Colors turned out to be a popular prompt. The judge, Jocelyn Ajami, said there were numerous excellent poems, making it difficult to decide on the winners.

 

Fragments of White

Silk cloth cradled her silver hair
arms gently crossing the polka-dot dress
hands clasping white rosary beads, filigreed.

I could almost hear the echo of her cotton-soft
whispers, the Hail Marys and Our Fathers
resounding in the white mahogany casket
with the same lips that death had sutured shut

while Time Square confetti fell as paper snow.
It all blends to the same quiet blur of hospital
static, the blank white walls, the TV hiss.

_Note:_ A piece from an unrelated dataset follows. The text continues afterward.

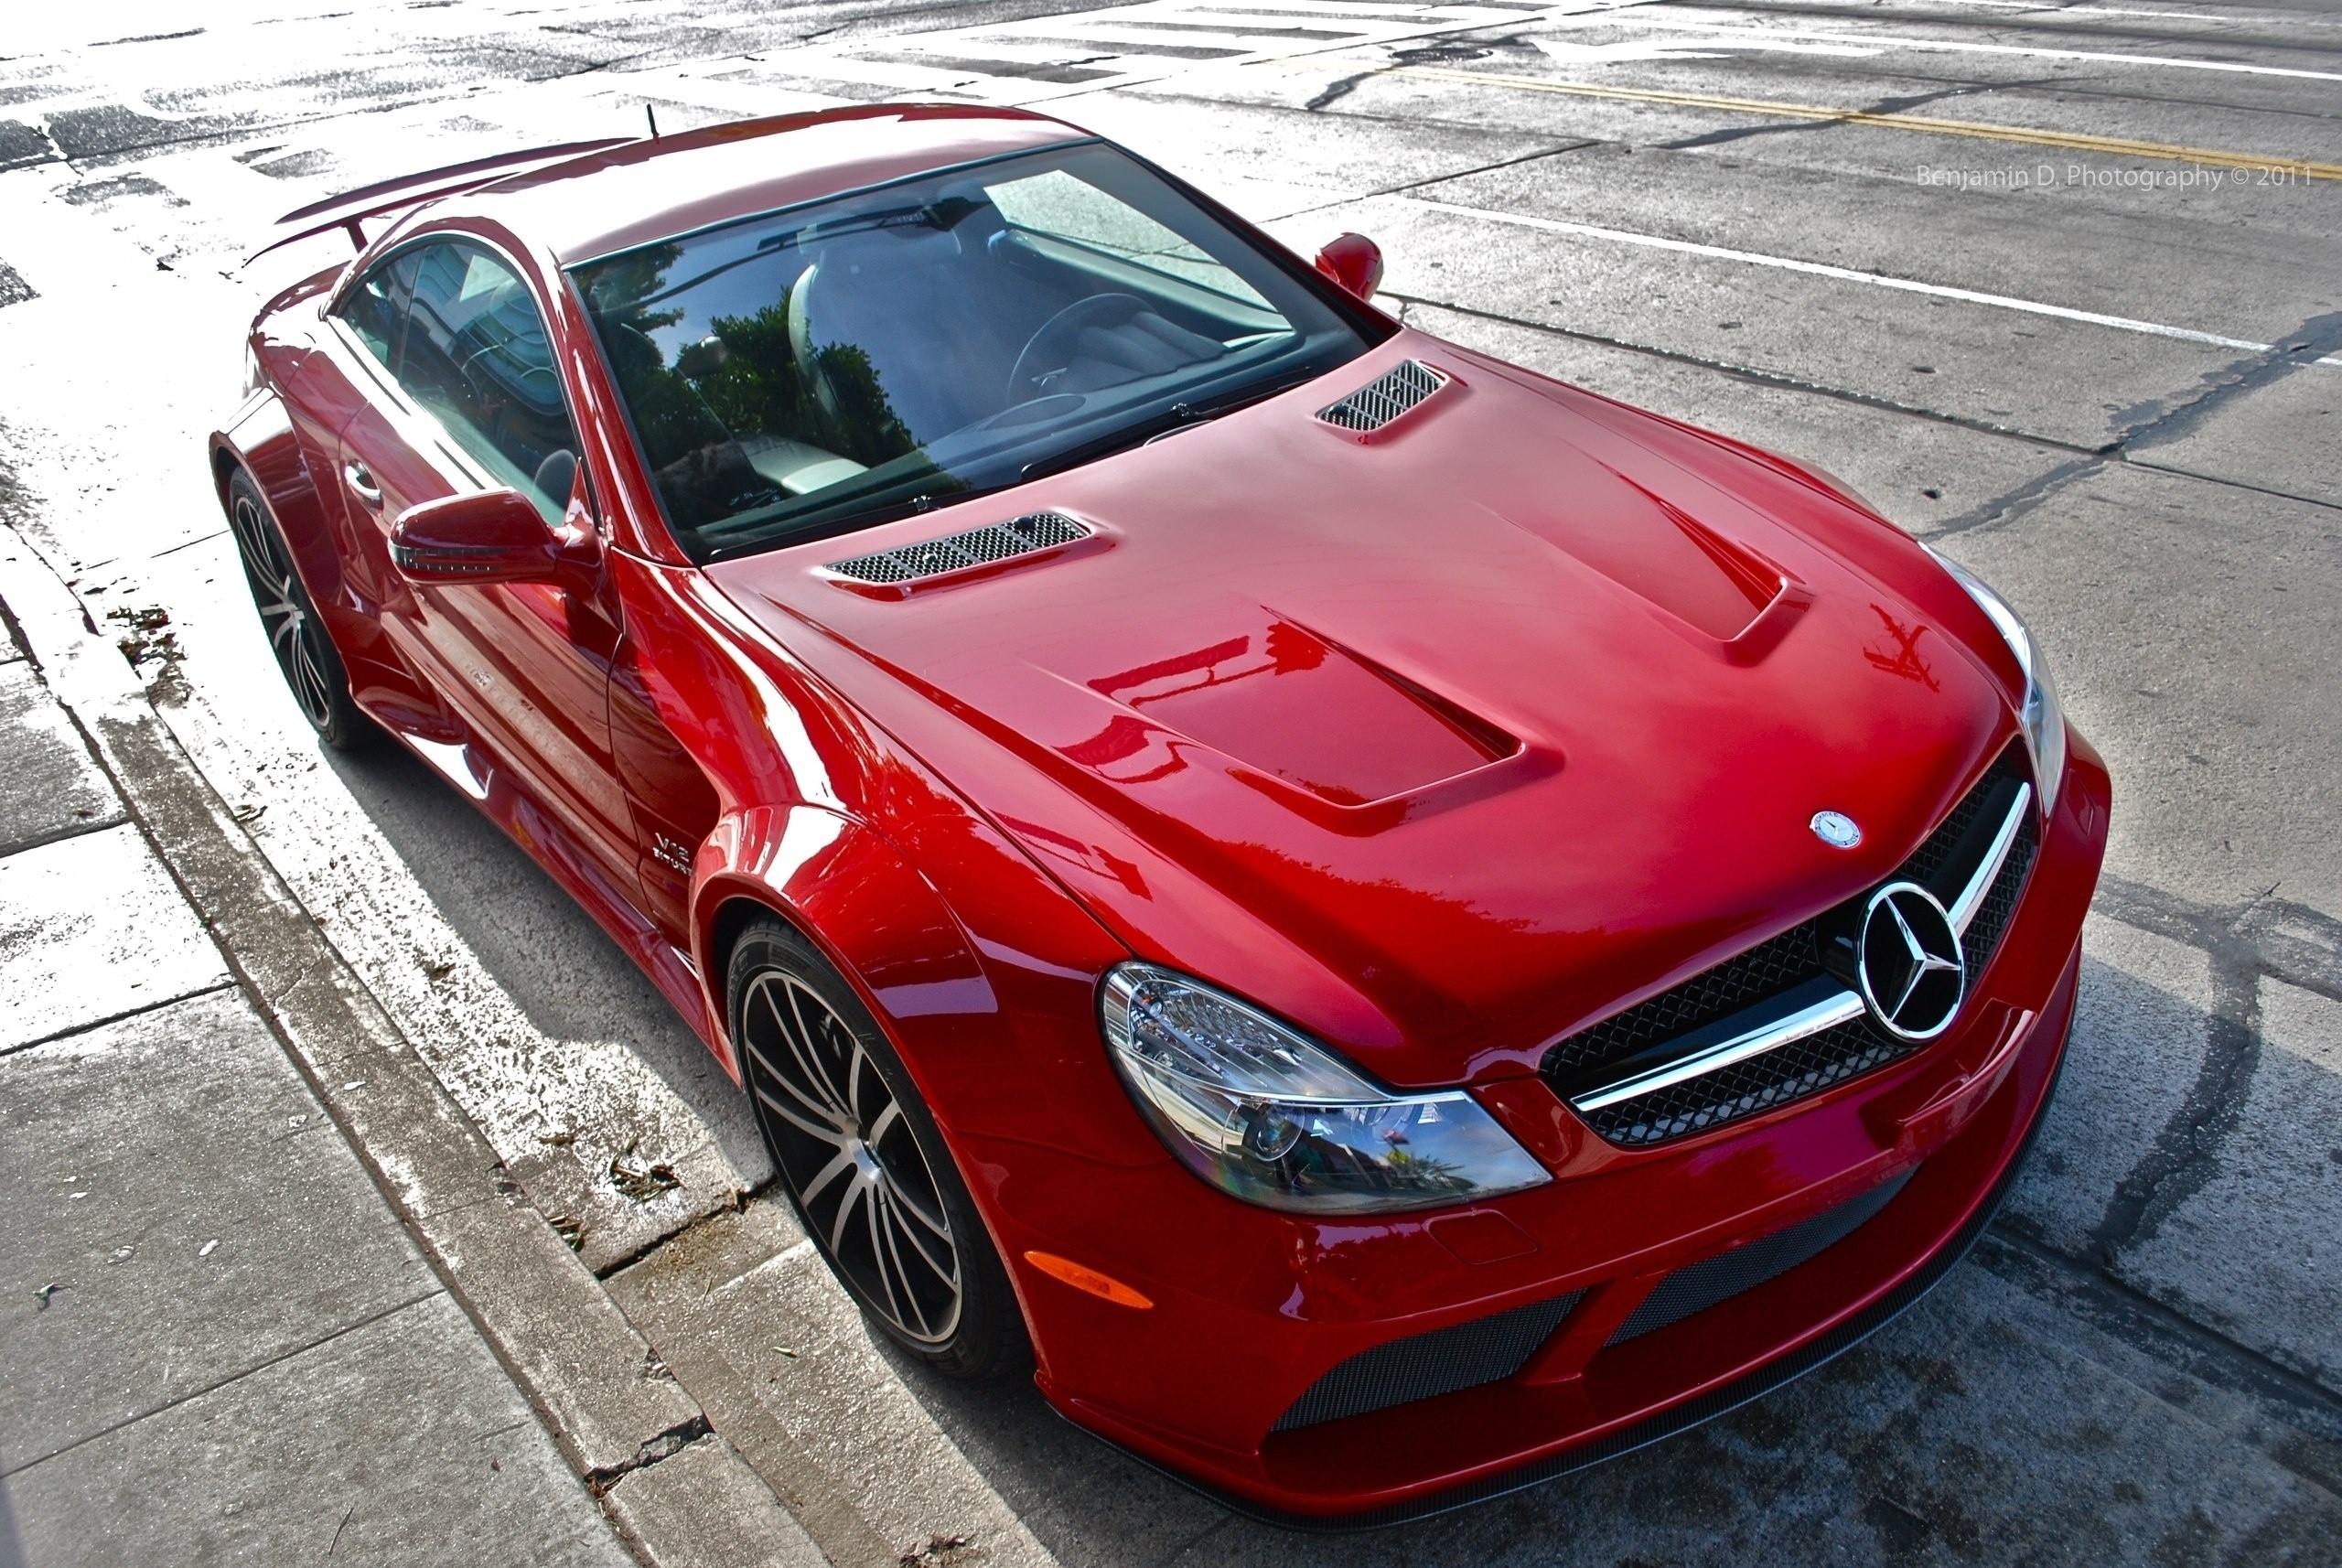 mercedes-benz sl65 amg, red, auto, cars New Lock Screen Backgrounds

I traded them for the living
room in the house where she was born,
still with white clapboard and batten,

but without the antiseptic air that couldn’t kill
the cancer. The floor creaked by the bed
under the nurse’s white shoes. Momma winced,
even with the morphine, her eyes half-hid

behind the pallor of worn eyelids,
creased, as her skin, yet soft, waxing
albescent with a final smile —
a white rose blushed in scarlet light.

~John C. Mannone

“Fragments of White” first appeared in Static Movement, 3rd print edition, edited by Chris Bartholomew (Oct 2010).

Ajami said, “I love the specificity of this poem and the ironic significance of “white" which contains the presence of all color while denoting absence. This is a moving, well- constructed poem full of pathos.”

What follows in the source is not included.